The waiter was dressed very nicely, and he brought Max his cheese quesadilla on a blue plate with yellow swirls. His juice came in a tiny glass and Daddy had to help him every time he took a drink.

Daddy and Bine were happy. Very happy. It was a special day, Max thought. They drank grown-up juice and looked at each other a lot.

After dinner, Daddy wanted to go walking on the beach. It was a long way down to the ocean from the cliff upon which their hotel sat, so they rode in a taxi. Max traced the veins in Bine’s hands with his tiny fingers on the way there.
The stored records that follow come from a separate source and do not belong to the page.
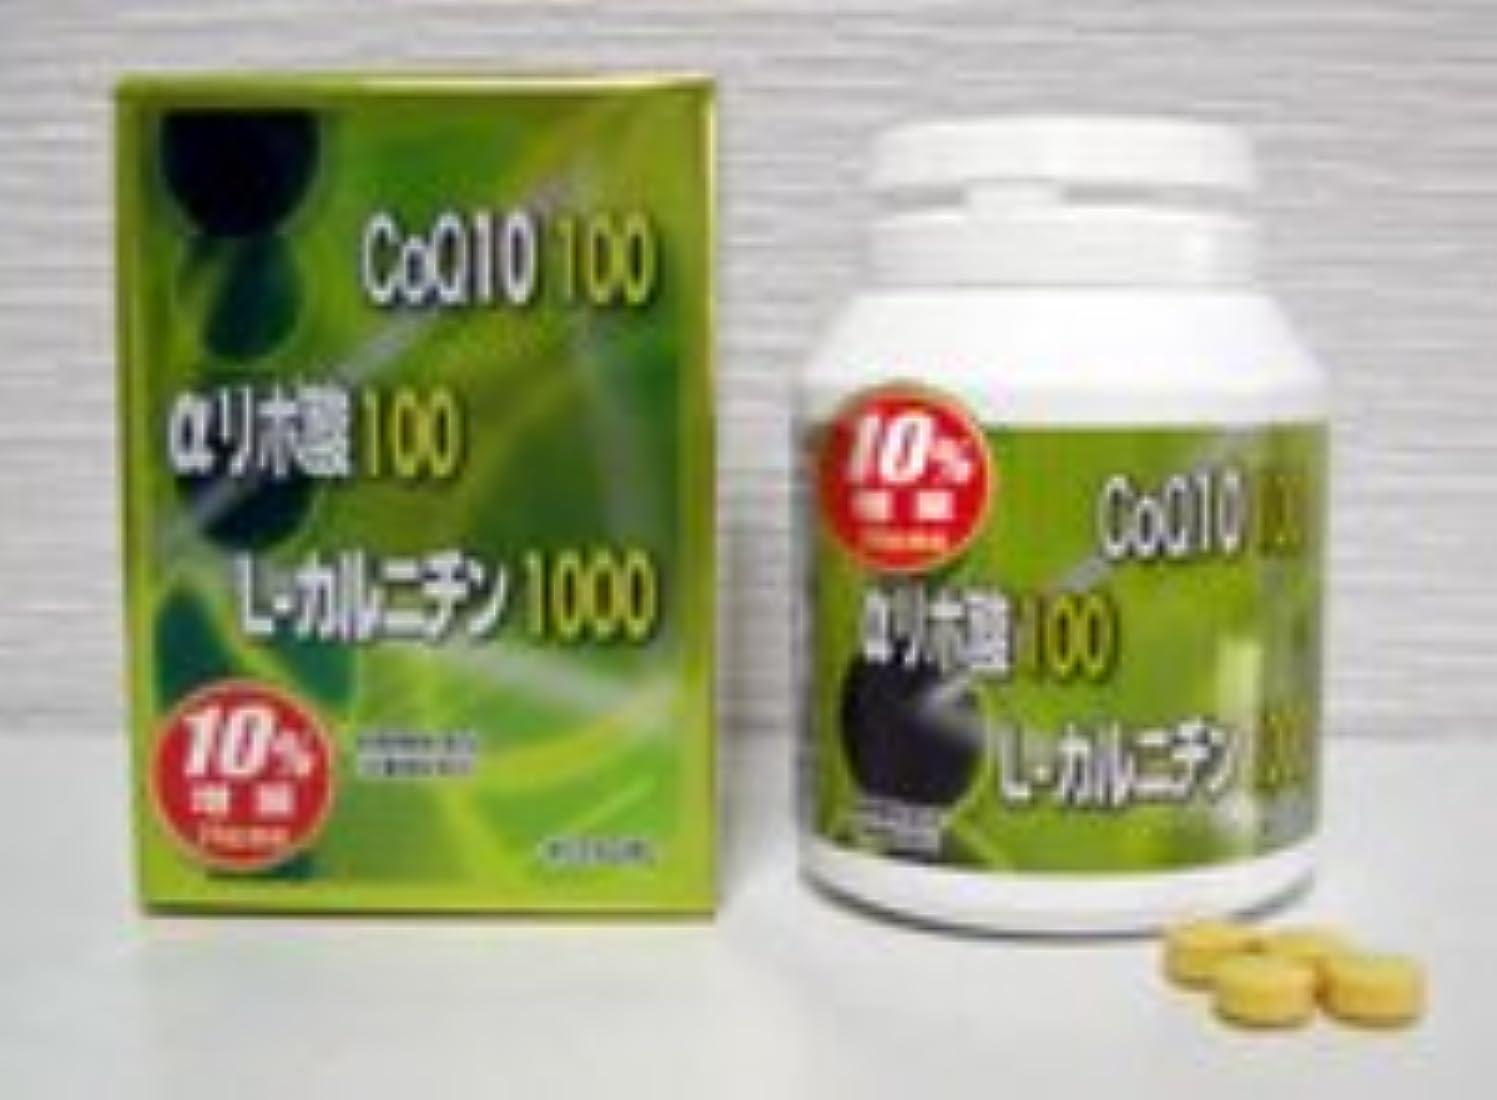 純粋にシーン舌なダイエットサプリ CoQ10+αリポ酸+L-カルニチン 102.96g(390mg×約264粒)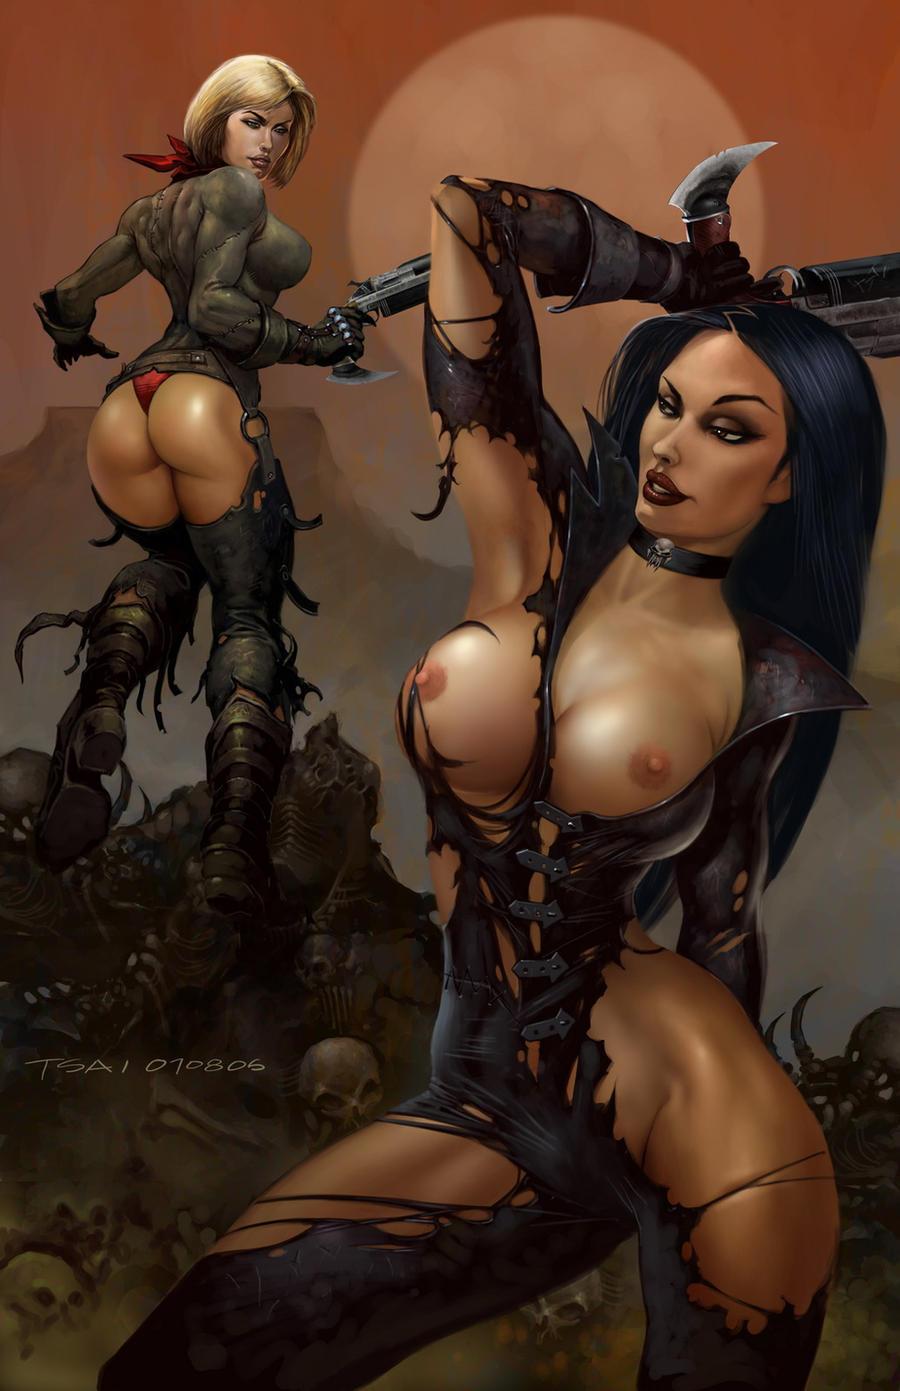 Рисованные голые девушки из компьютерных игр 11 фотография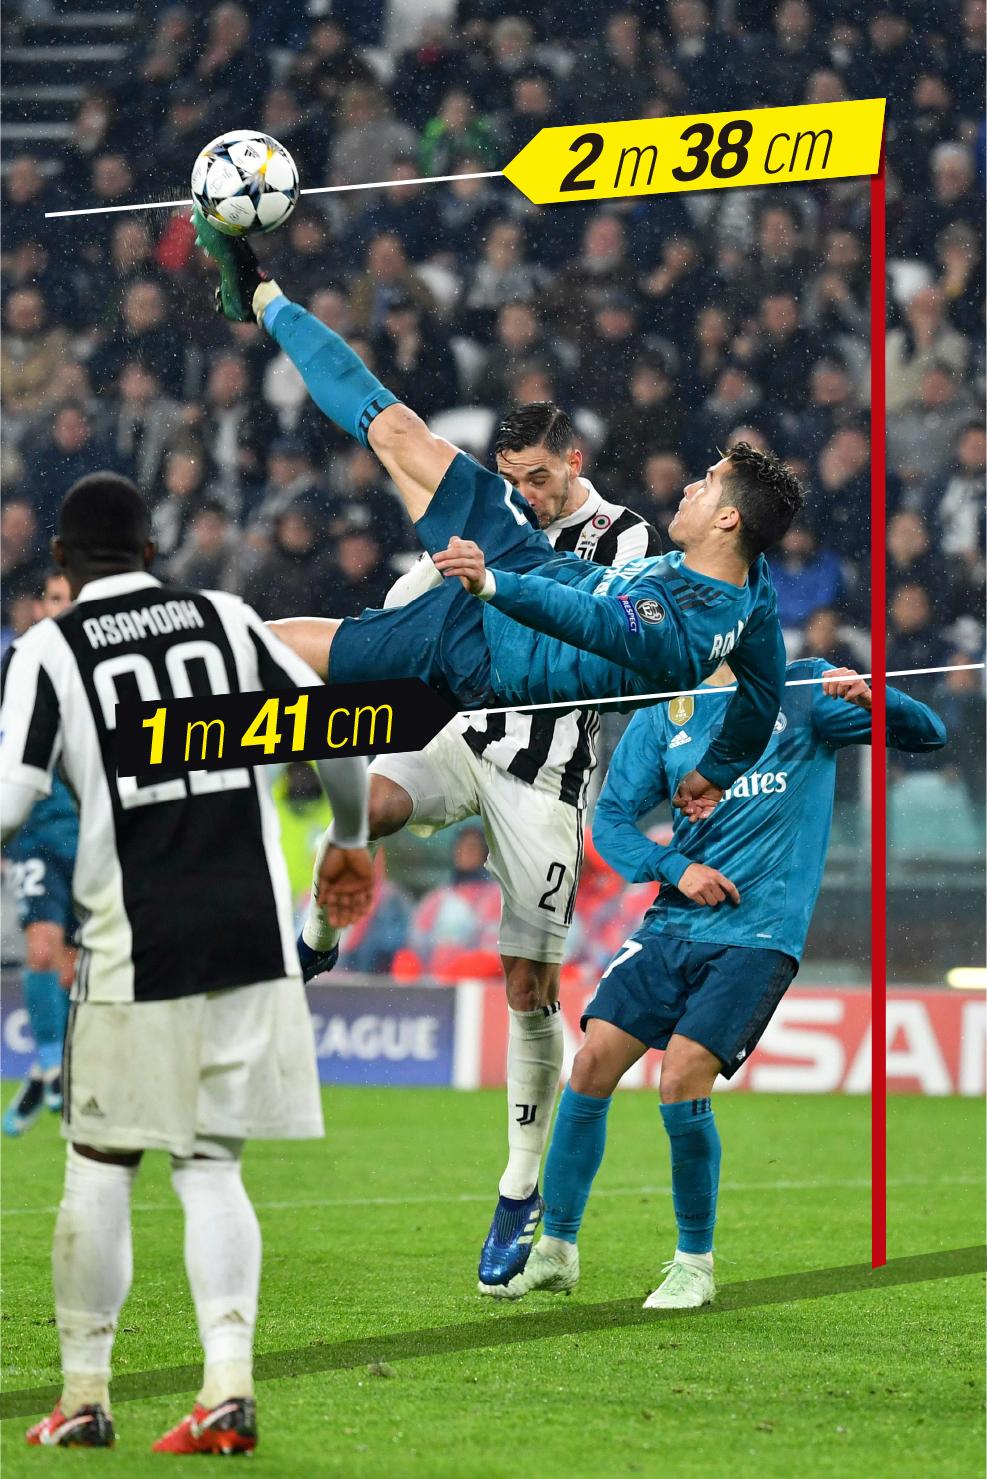 Cristiano Ronaldo Height In Cm : cristiano, ronaldo, height, Madrid:, Cristiano, Ronaldo, Overhead, Height, Crossbar, MARCA, English

The beach was mostly empty. Men and women walked together, as did men and men, women and women. They were in tiny clusters down the stretch of beach. Hand in hand. Smiling. Max held Daddy and Bine’s hands, lifted up his legs, and laughed when they swung him.

As he walked, he got sand in his sandals that made his feet itchy. Daddy let him take off his shoes and escorted him over to the water so he could kick at the sea foam. It was like grown-ups’ shaving cream.

Max was having a good time. He liked being with Daddy and Bine near the jungle. He liked being where it was warm and sunny and where there was the ocean. He liked being on the beach in the dark, liked feeling the cool breeze on his legs, his arms, his sunburned face.

Daddy and Bine must have liked it, too. Before they left the beach, when Max was jumping on the remains of someone’s sandcastle, feet sinking into the soft-cool-damp sand, he looked up and saw Daddy and Bine kissing.

Bine had his hands up the back of Daddy’s shirt; Daddy’s hands were around Bine’s neck. They kissed on the mouth. On the neck. Cheek. Chin. Bine laughed against Daddy’s skin. Nodded his head.

Daddy smiled. A great smile.

There wasn’t any bright light until they were in the taxi before the doors were closed. Max looked up at his daddy and saw that his eyes were watery.

He wasn’t sad, though. He looked happy. Very, very happy.

Moments before Bine buckled Max’s seatbelt, Max got up on his knees and kissed Daddy on the mouth; He turned and kissed Bine.

He dropped back down in the seat and smiled.